Export citation and abstract BibTeX RIS

This is an open access article distributed under the terms of the Creative Commons Attribution 4.0 License (CC BY, http://creativecommons.org/licenses/by/4.0/), which permits unrestricted reuse of the work in any medium, provided the original work is properly cited.

Electrochemistry has gained significant momentum across various research sectors in recent years, from energy conversion and storage to organic synthesis and environmental analysis. Driven by advancements in experimental techniques and increasing parameters, electrochemical experiments become more intricate, often requiring combining multiple techniques (e.g., in situ experiments) while producing increasingly large datasets. Electrochemists face the challenge of deciphering complex electrochemical responses (e.g., current, potential, resistance, capacitance, etc.), understanding electrode processes, and extracting crucial parameters that govern electrochemical behaviors. To conduct such studies, one must analyze multidimensional datasets, develop customized analysis procedures, simulate and verify theoretical models, and synchronize multiple instruments with potentiostats.

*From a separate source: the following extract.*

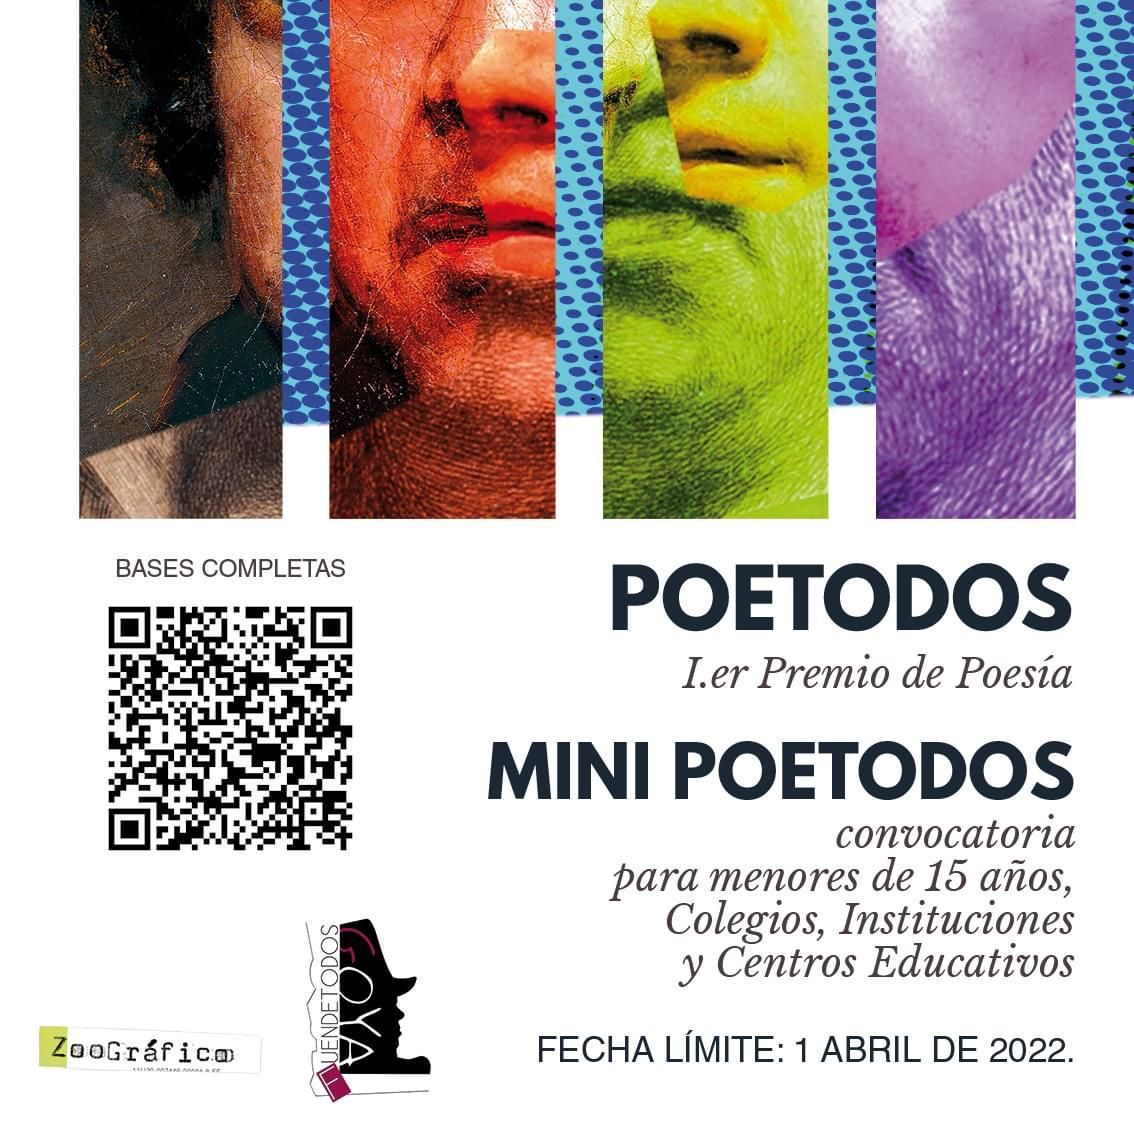 El Festival Poetodos de poesía será uno de los actos que tendrán lugar en verano.

The need for standardized and robust data analysis tools and methodologies has become paramount. In response to this growing demand, advanced data analysis techniques, such as statistical analysis, machine learning, and computational modeling, have become indispensable. 13 Learning and applying modern toolkits that integrate these analytical approaches can arm electrochemists with the ability to standardize data analysis, unravel the complexities of electrochemical systems, facilitate groundbreaking discoveries, and push the boundaries of electrochemical research.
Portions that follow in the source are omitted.